I haven't caught any keeper Rock. I have been using Atom Poppers, Rattletraps, Broken Back Rebels and various silver spoons. Last year between 10/15 and 11/15 the Rockfish were prolific. People would get there at 6AM, catch their limit in 30-45 minutes and go to work. At that time 90% of the keeper Rock were caught on top water lures. Bait was practically useless. At this time, it seems all the Rock want is real food! I guess I better wise up and by some hard crab and some elwy and stop being so stubborn. I'm hoping that the Rockfish frenzy will happen again this year. I remember that it was somewhat cold when they were really hitting. Maybe we need a good streak of colder weather.

When I'm at Rocky Point I usually mention P&S to the other anglers I talk to. No one yet has heard of it. A few people seemed quite interested though. I'll bet some of them have since tuned in. 

For those of you who live around here, I am thinking of going to fish at Martin's Cove some night soon. On the map I believe it is labeled Dark Head Cove. It is down Wilson Point Road which is right next to Martin's Airport. I have fished there at night before (this summer and last). I suspect no one will kick me out. It's the only place around here that I'm aware of where you can fish all night, except for Fort Armistead Park on the south side (AA County side) of the Key Bridge. Last year I heard they were doing very well here at the same time the Rock were hitting at Rocky Point. Maybe the fishing will be better at night. If there is any significant action at Martin's Cove I will post a report.

-- catfish -- on another posting you mentioned you might like to get together. I'm up for that. Let me know. 

I'd like to hear any other fishing reports from those of you who fish say from Fort Smallwood up to Havre de Grace. If things start to pick up at Rocky Point I will certainly let you all know. 

Blue Heron


----------



## Blue Heron (Jun 12, 2003)

catman,

In the above posting I mistakenly called you "catfish". Please excuse the error. After all I certainly wouldn't want to be called "Blue Fish". 

Blue Heron


----------



## FL FISHERMAN (Sep 30, 2002)

I think he will be ok with it being as he likes catfish!


----------



## catman (May 28, 2001)

Catman was a spin off of Catfish. My grand dad started calling me Catman when I was a kid because of all the catfish I used to catch. Jason's right though, I love eating catfish. Years ago I used to fish all those spots you mentioned. Did you ever fish Ramona's Pier at the end of Miller's Island Road?

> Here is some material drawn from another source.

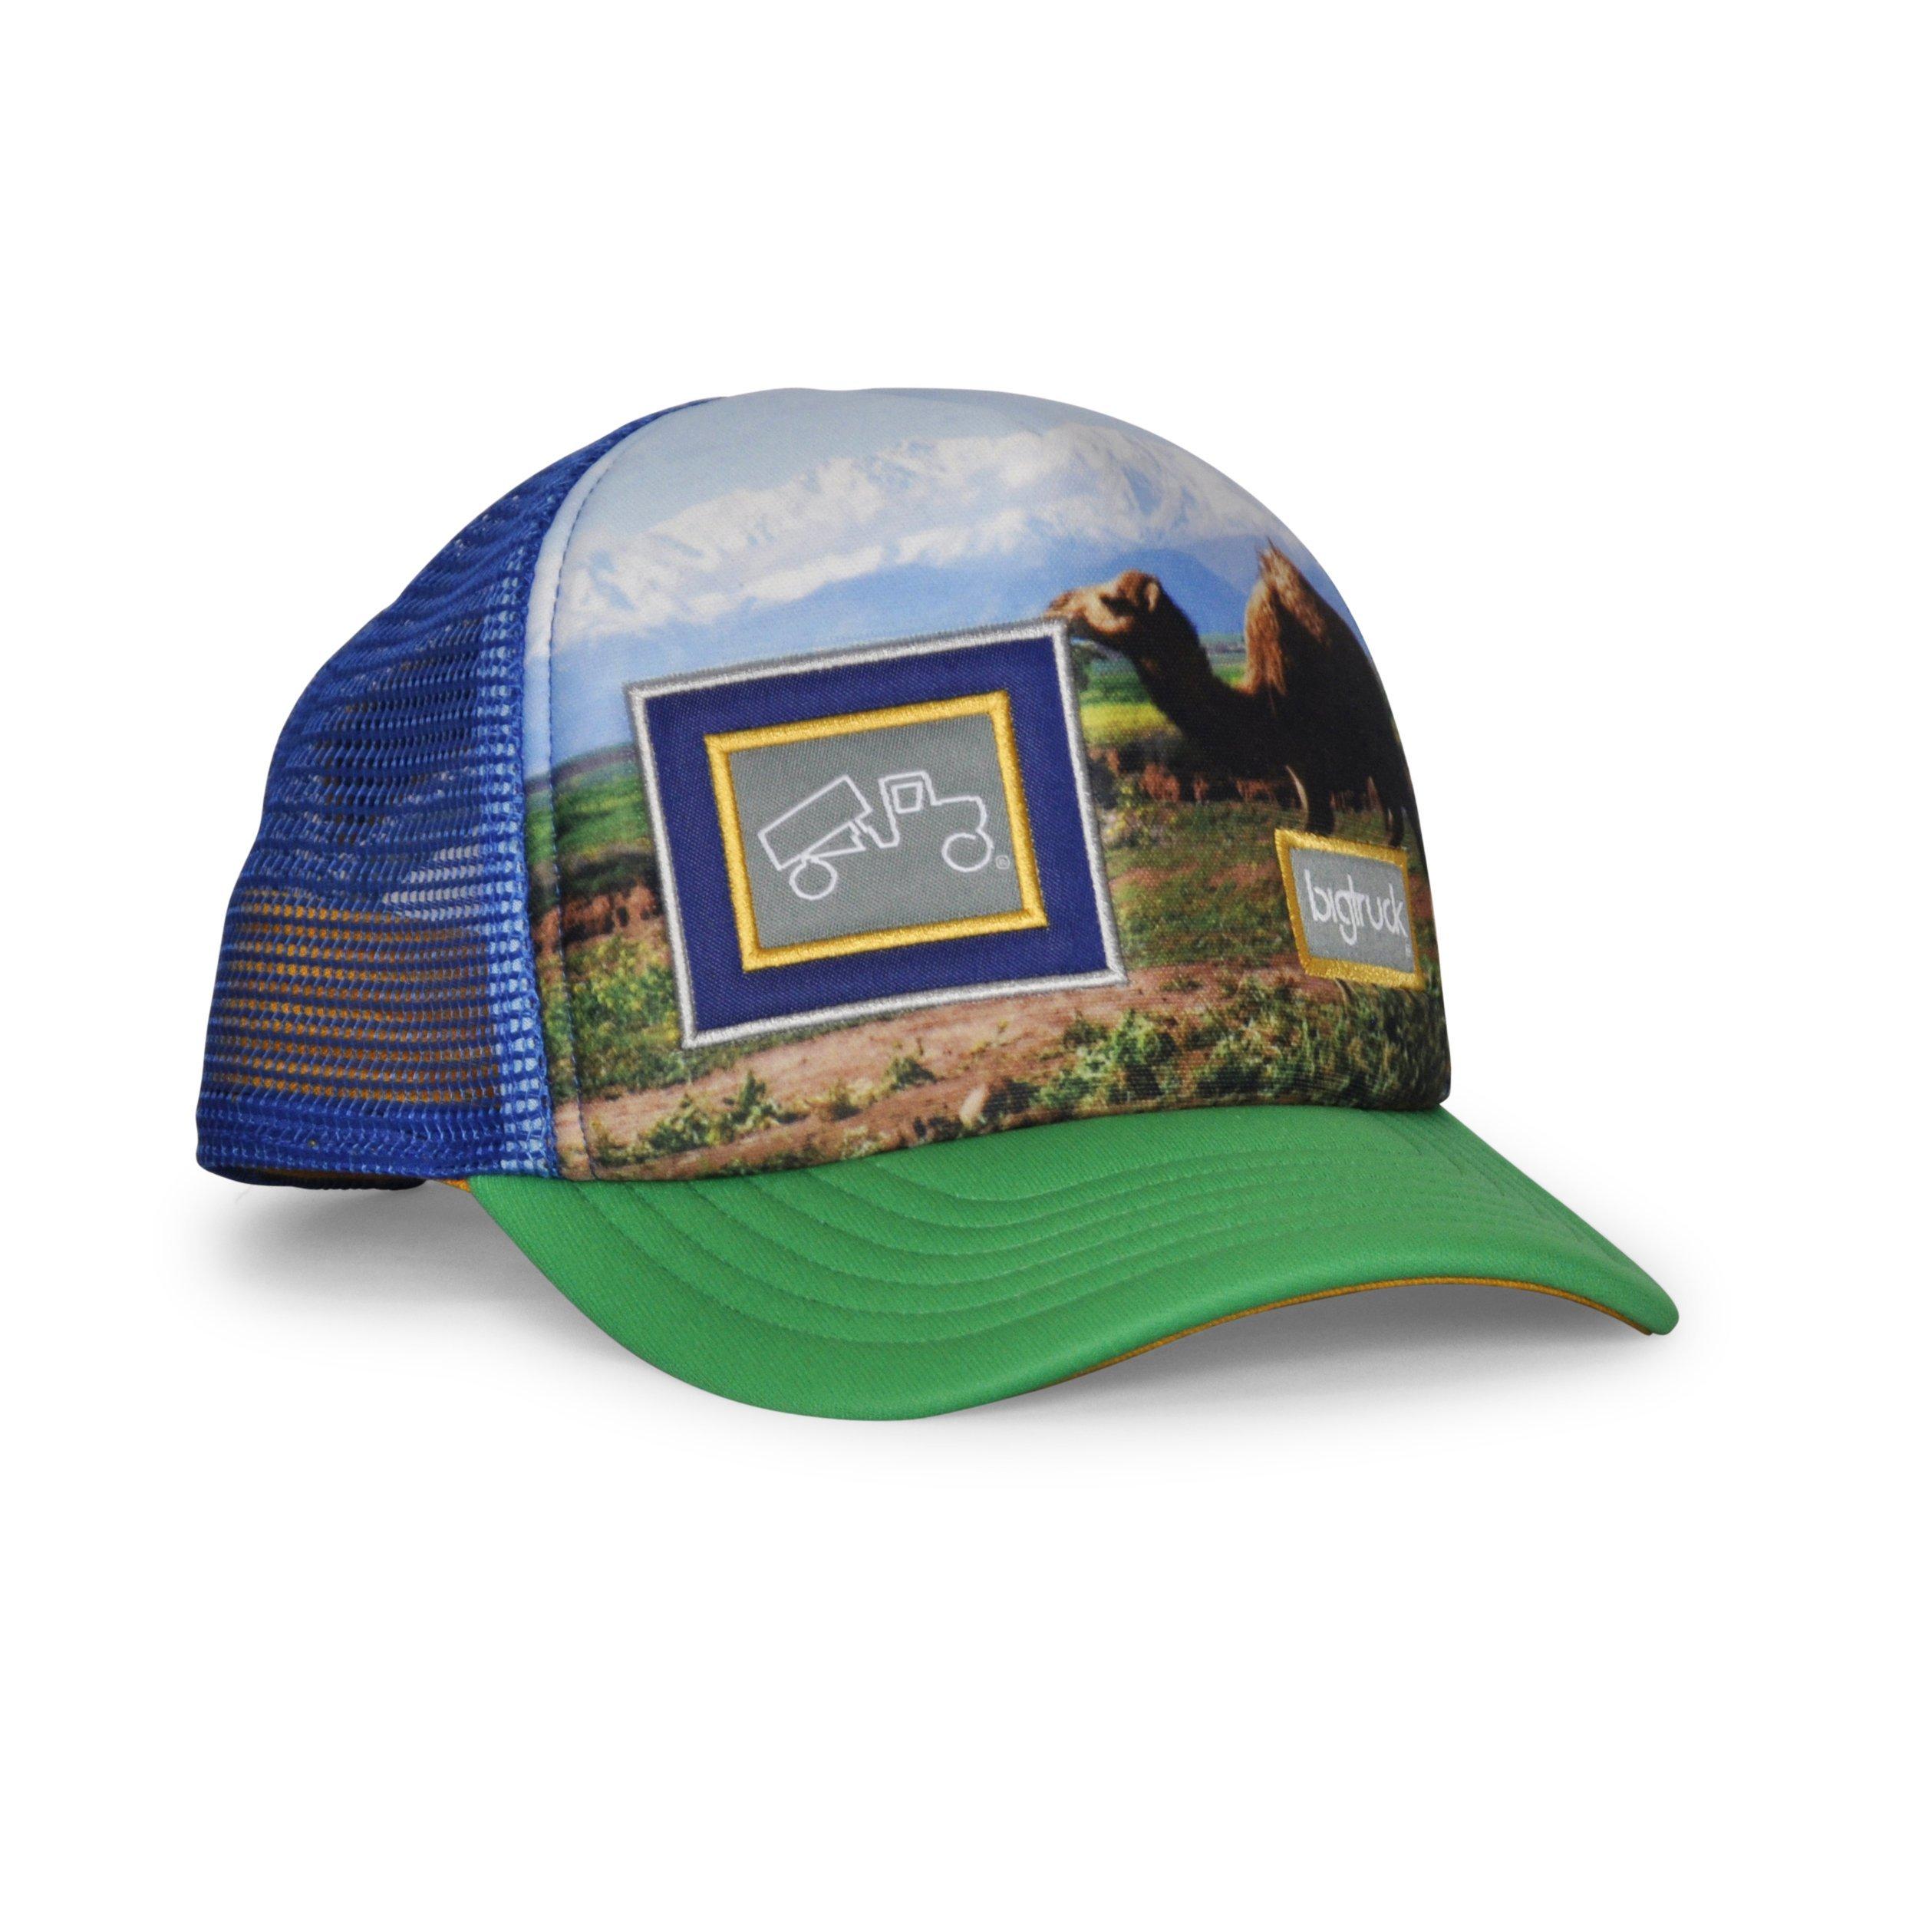 bigtruck Original Toddler Mesh Snapback Toddler Trucker Hat, Green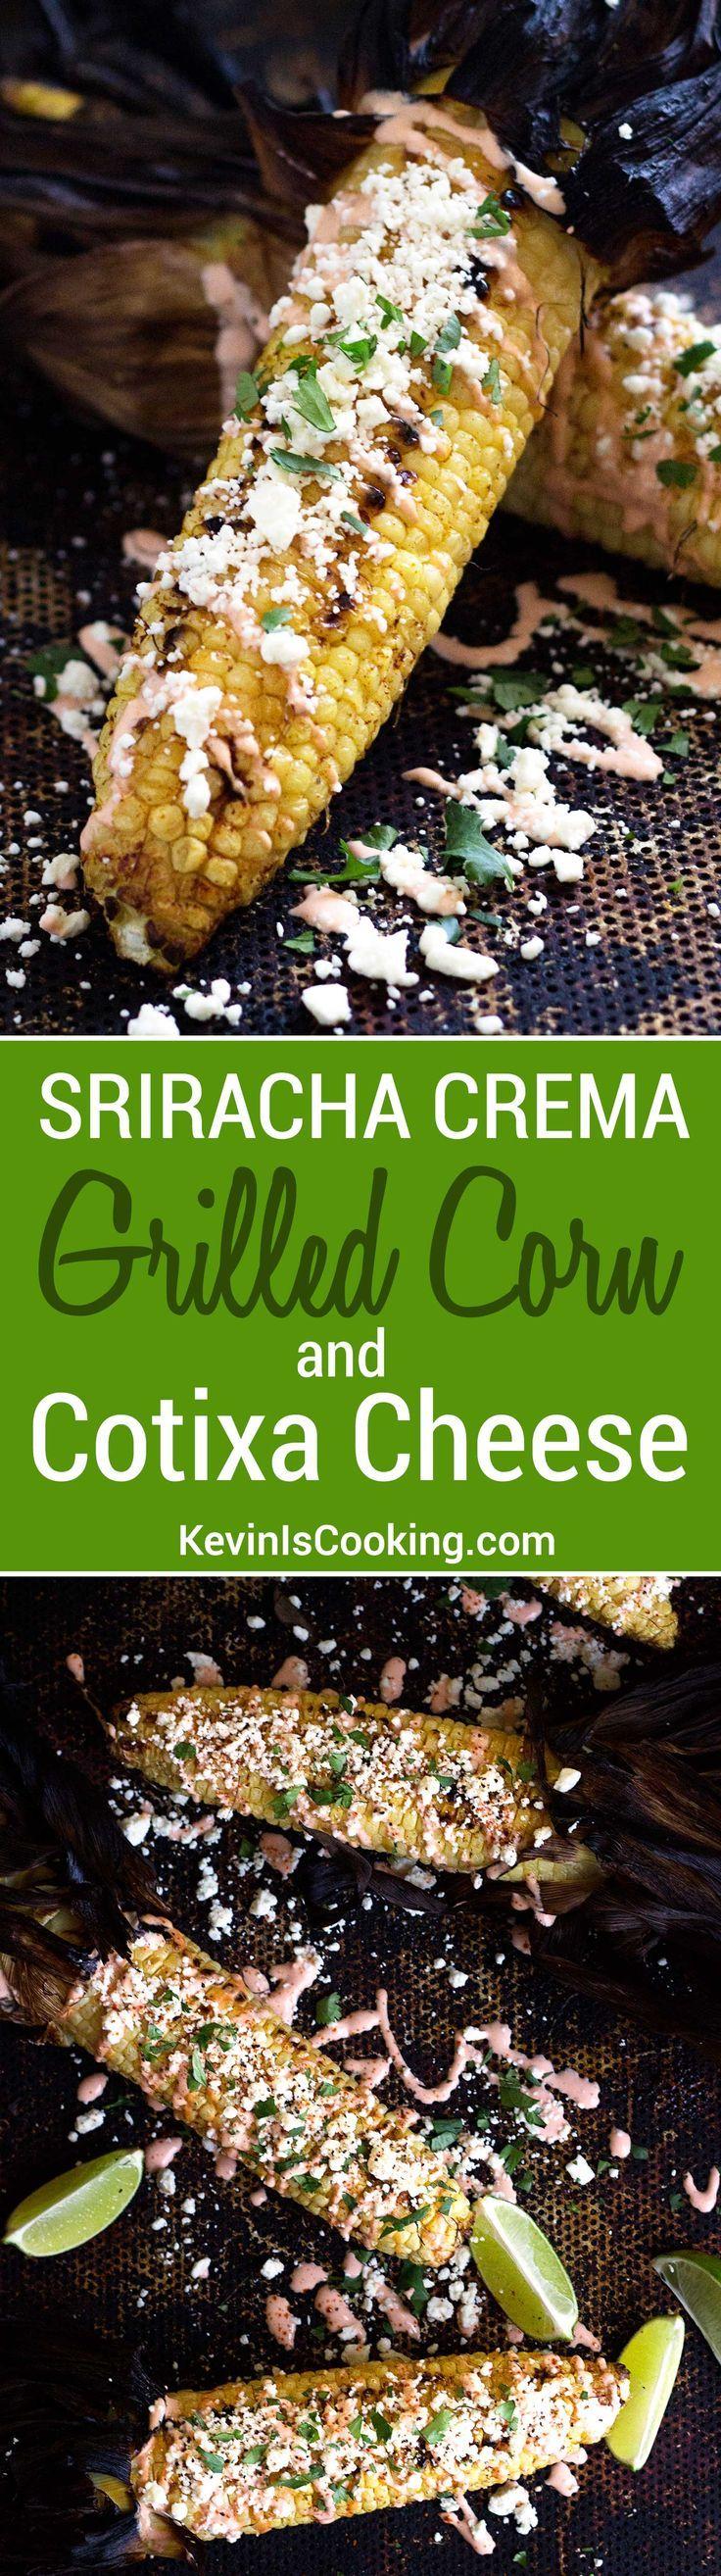 43 best corn on the cob images on pinterest grilled veggies corn

It's not there anymore but it used to be THE spot, a bar at one end and great fishing at the other end of the pier. I've noticed that there aren't many P&S fisherman in the upper bay. Most of those guys fish brackish water for LM bass, catfish, crappie, and white perch and only get into rock fishing during the C&R season on the flats. When I had a bass boat I used to fish Dundee and Saltpeter Creeks all the time. That was some of the best LM bass fishing around. See you soon.

Catman.


----------



## Blue Heron (Jun 12, 2003)

Catman,

Interesting that you should mention Ramona's Pier at the end of Miller's Island Road. I heard of it this summer and went on a mission to find it. You're right it's gone. But when asking the locals about it I did meet a generous elderly gentleman who was kind enough to let a complete stranger (me) fish from his summer cottage pier any time I wanted. As it turned out Isabell completely wrecked the pier and the cottage. But in return for being so nice he got my help cleaning up the actual house he lives in (5 houses up from the summer cottage) for a week. We have now become friends. 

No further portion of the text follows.